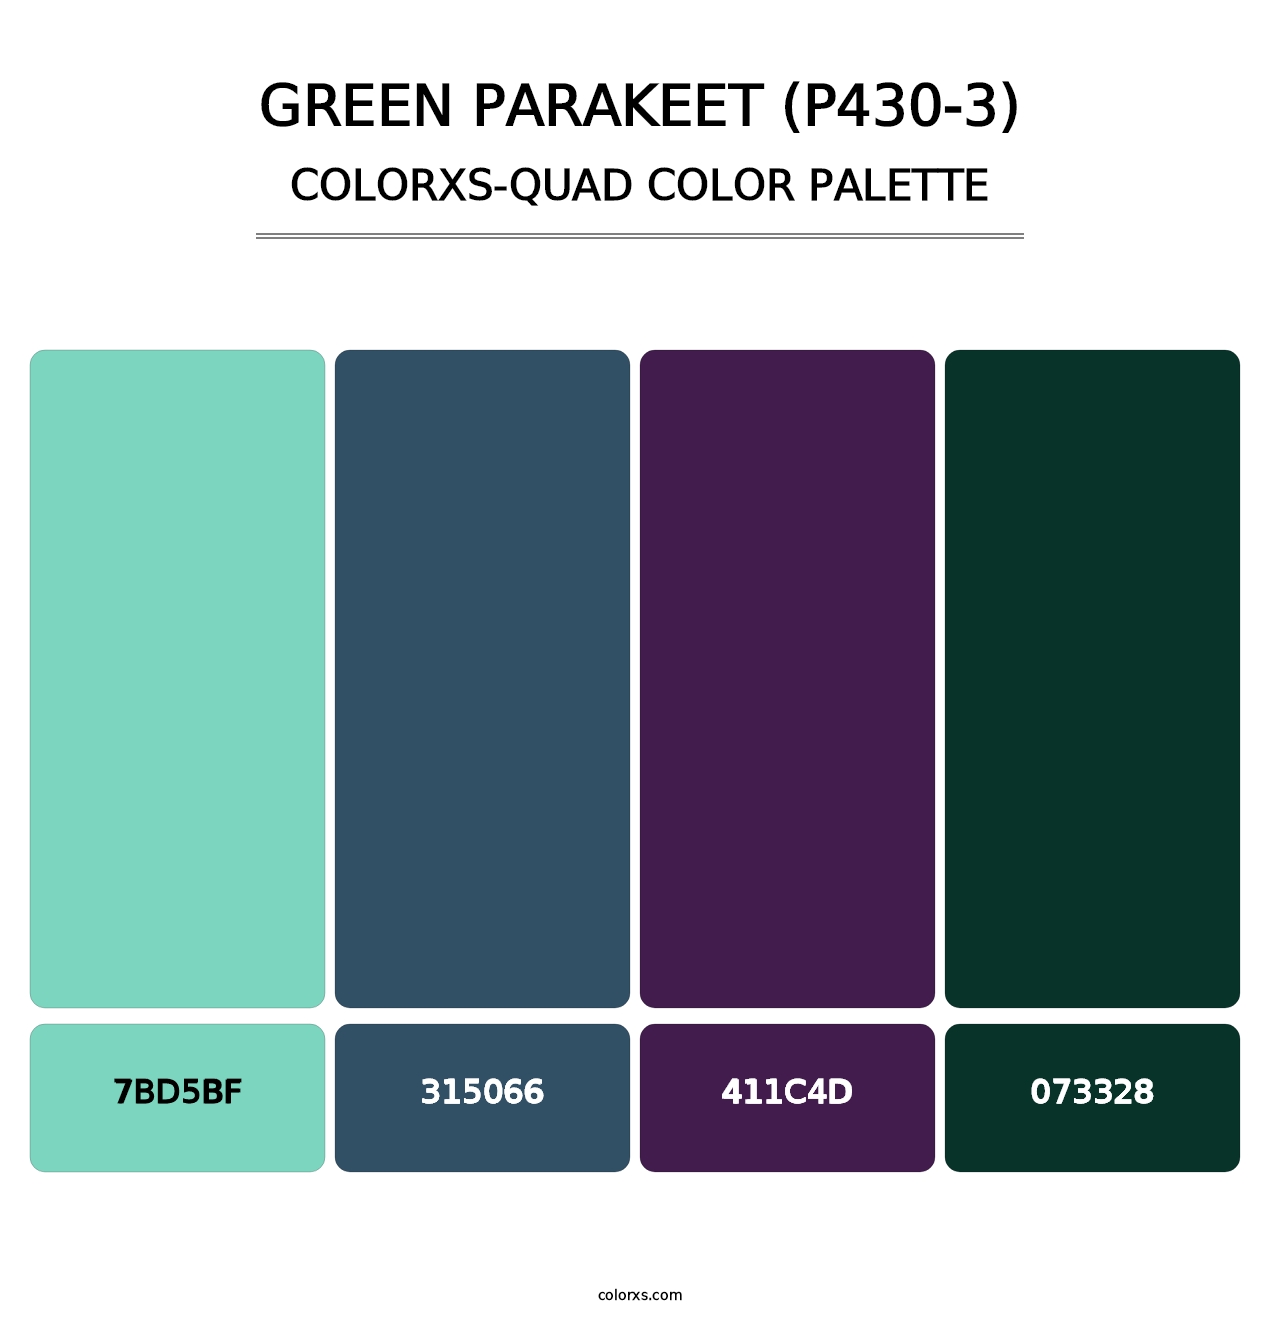 Green Parakeet (P430-3) - Colorxs Quad Palette
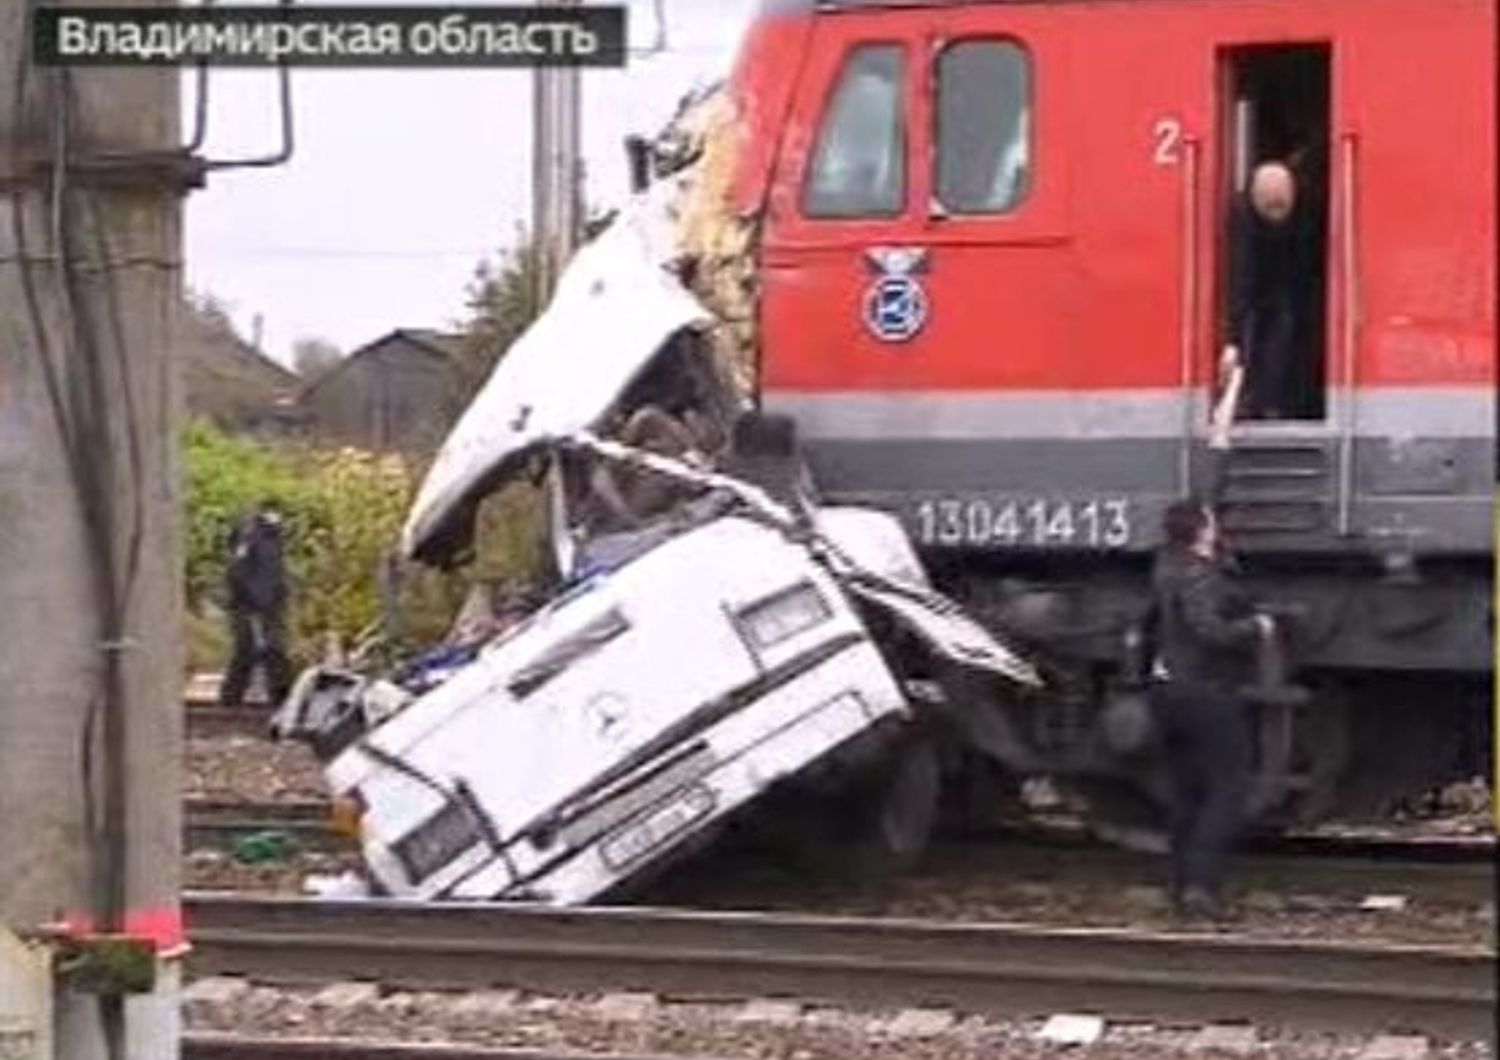 Scontro treno-bus in Russia - immagine da Rossiya 24 news channel
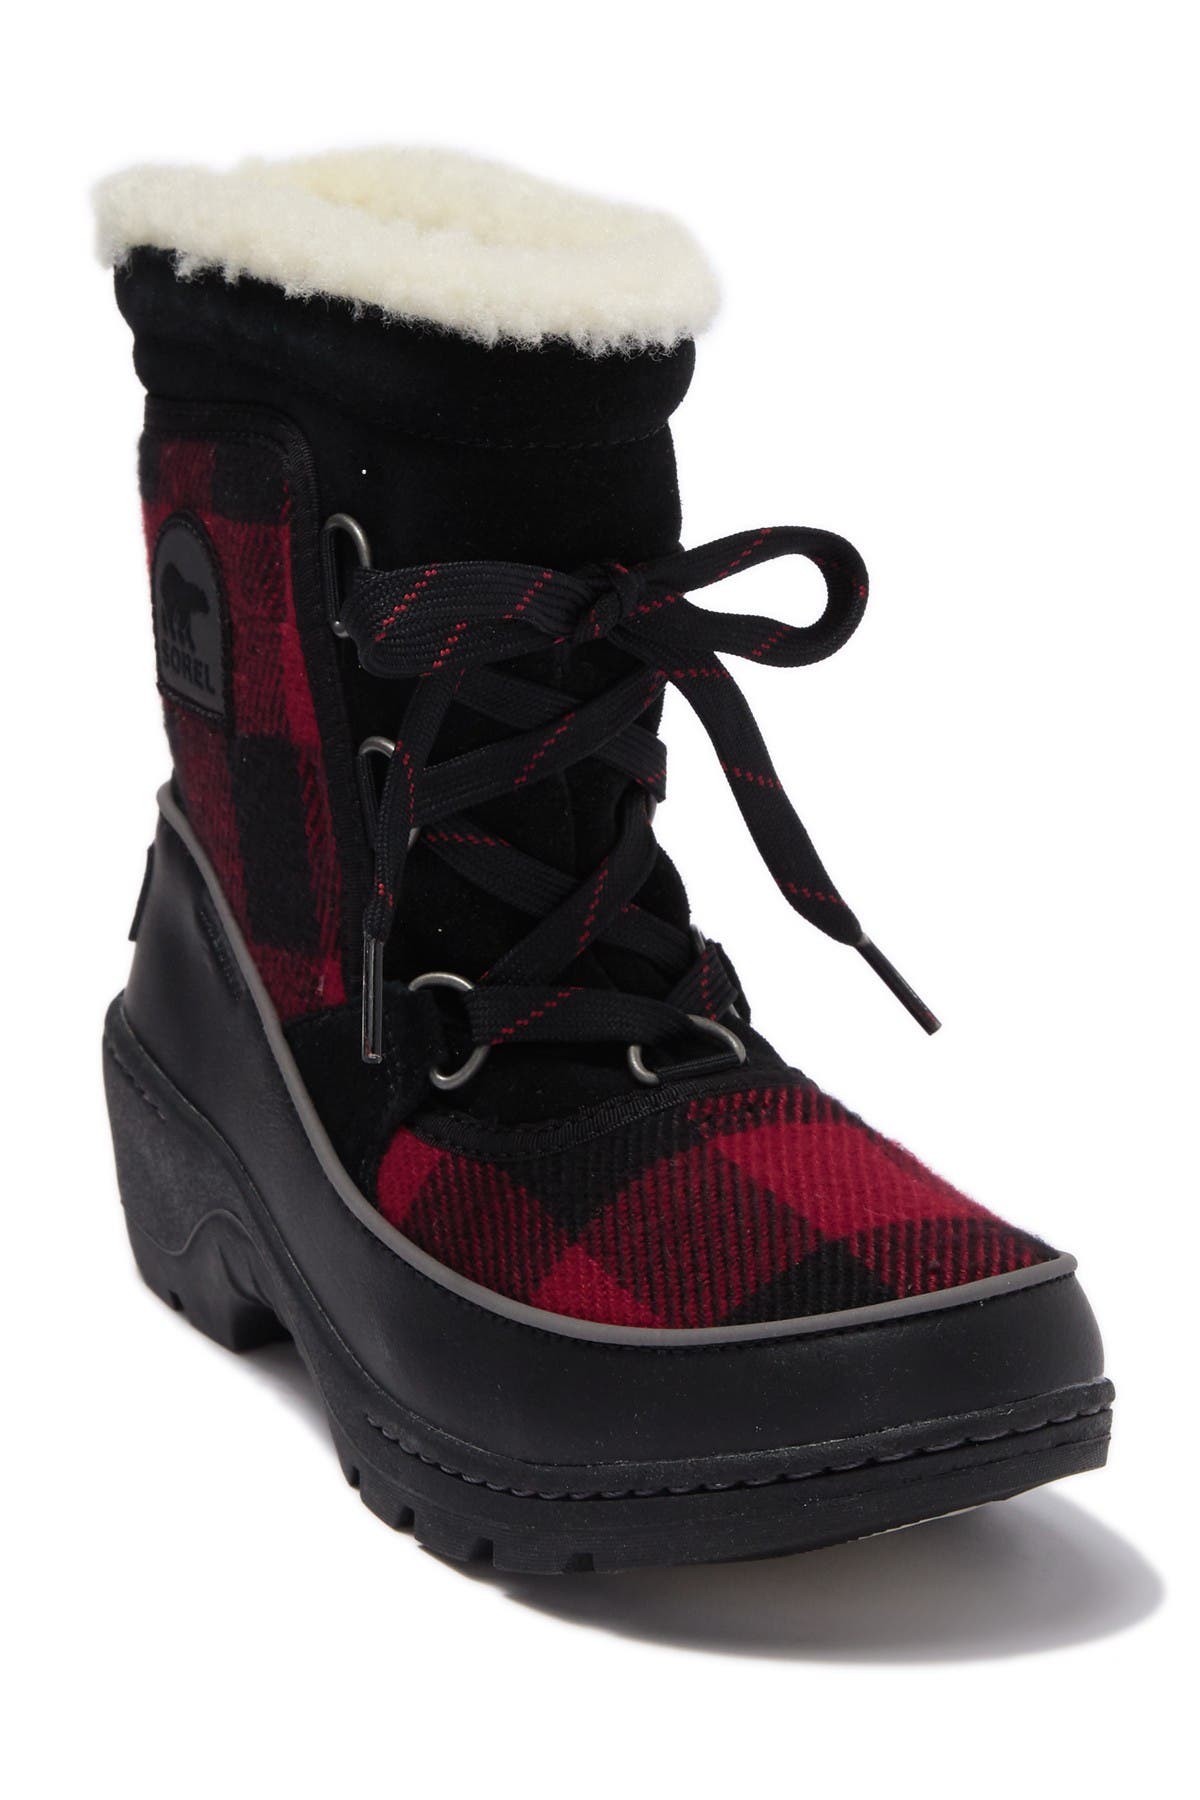 sorel women's tivoli iii waterproof winter boots
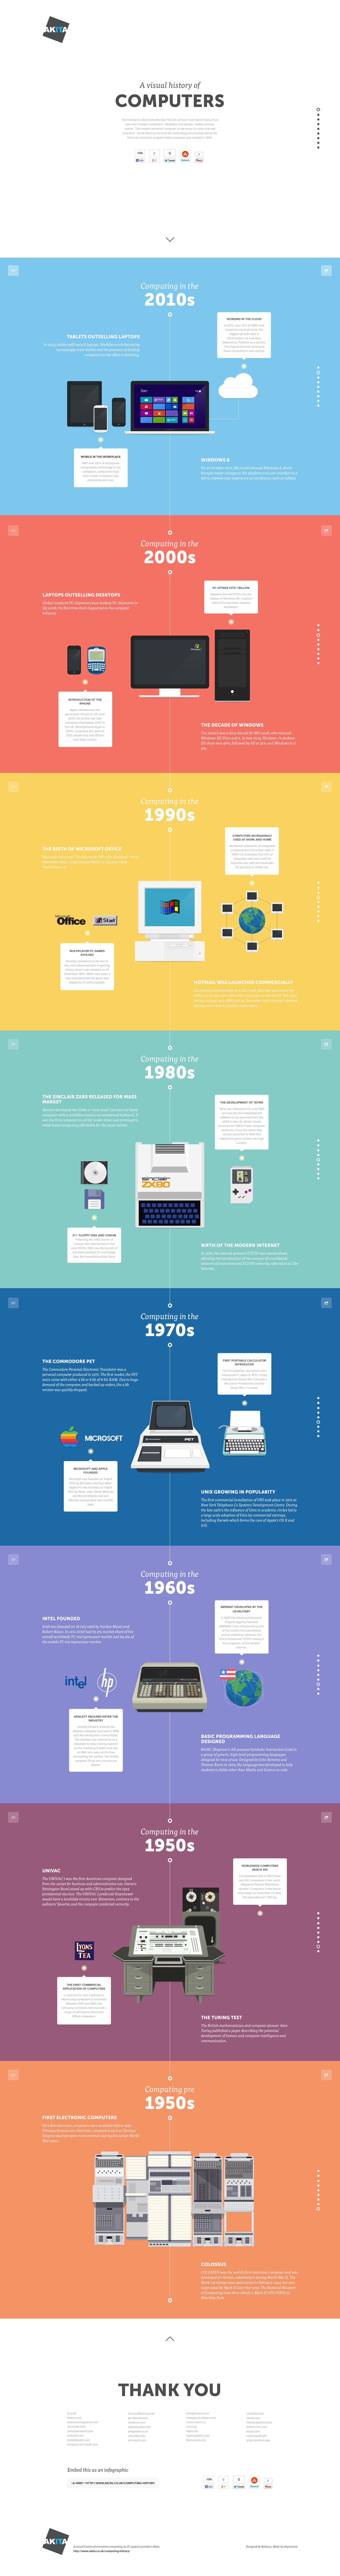 A Visual History of Computing
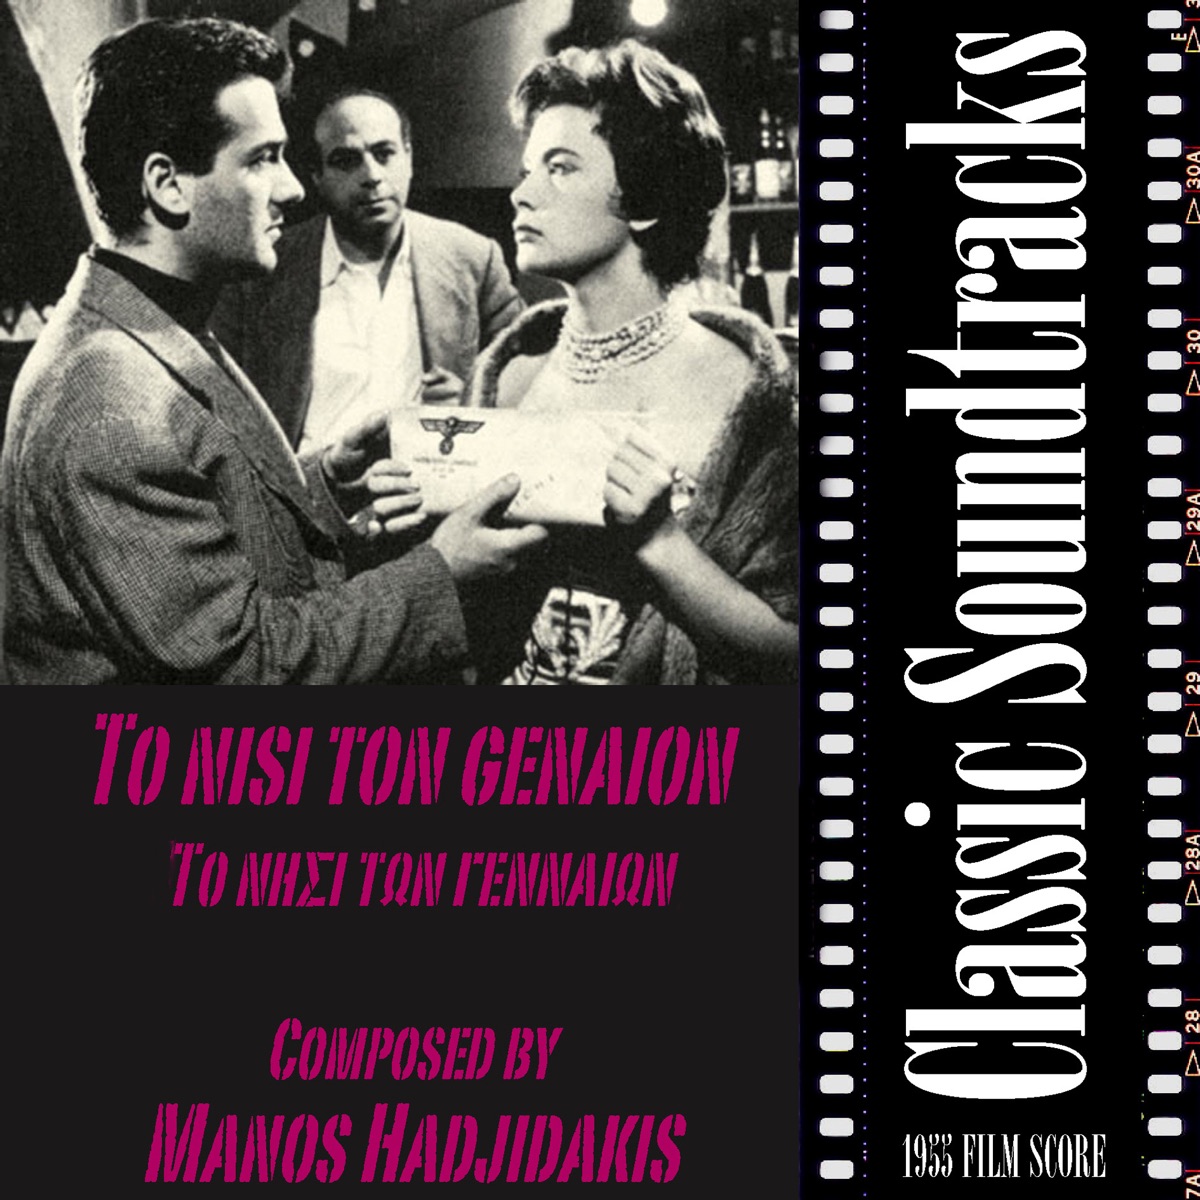 Mia zoi tin exoume (1958 Film Score) [Mια ζωή την έχουμε] - Album by Manos  Hadjidakis Ensemble - Apple Music
::::
■ TASK TO CARRY OUT
Copy exactly the lines that run from the line containing "sorel women's tivoli" to the end of the data above, keeping both end lines and leaving out all pictures.

■ YOUR SOLUTION
 sorel women's tivoli iii waterproof winter boots
 A Visual History of Computing
 Mia zoi tin exoume (1958 Film Score) [Mια ζωή την έχουμε] - Album by Manos  Hadjidakis Ensemble - Apple Music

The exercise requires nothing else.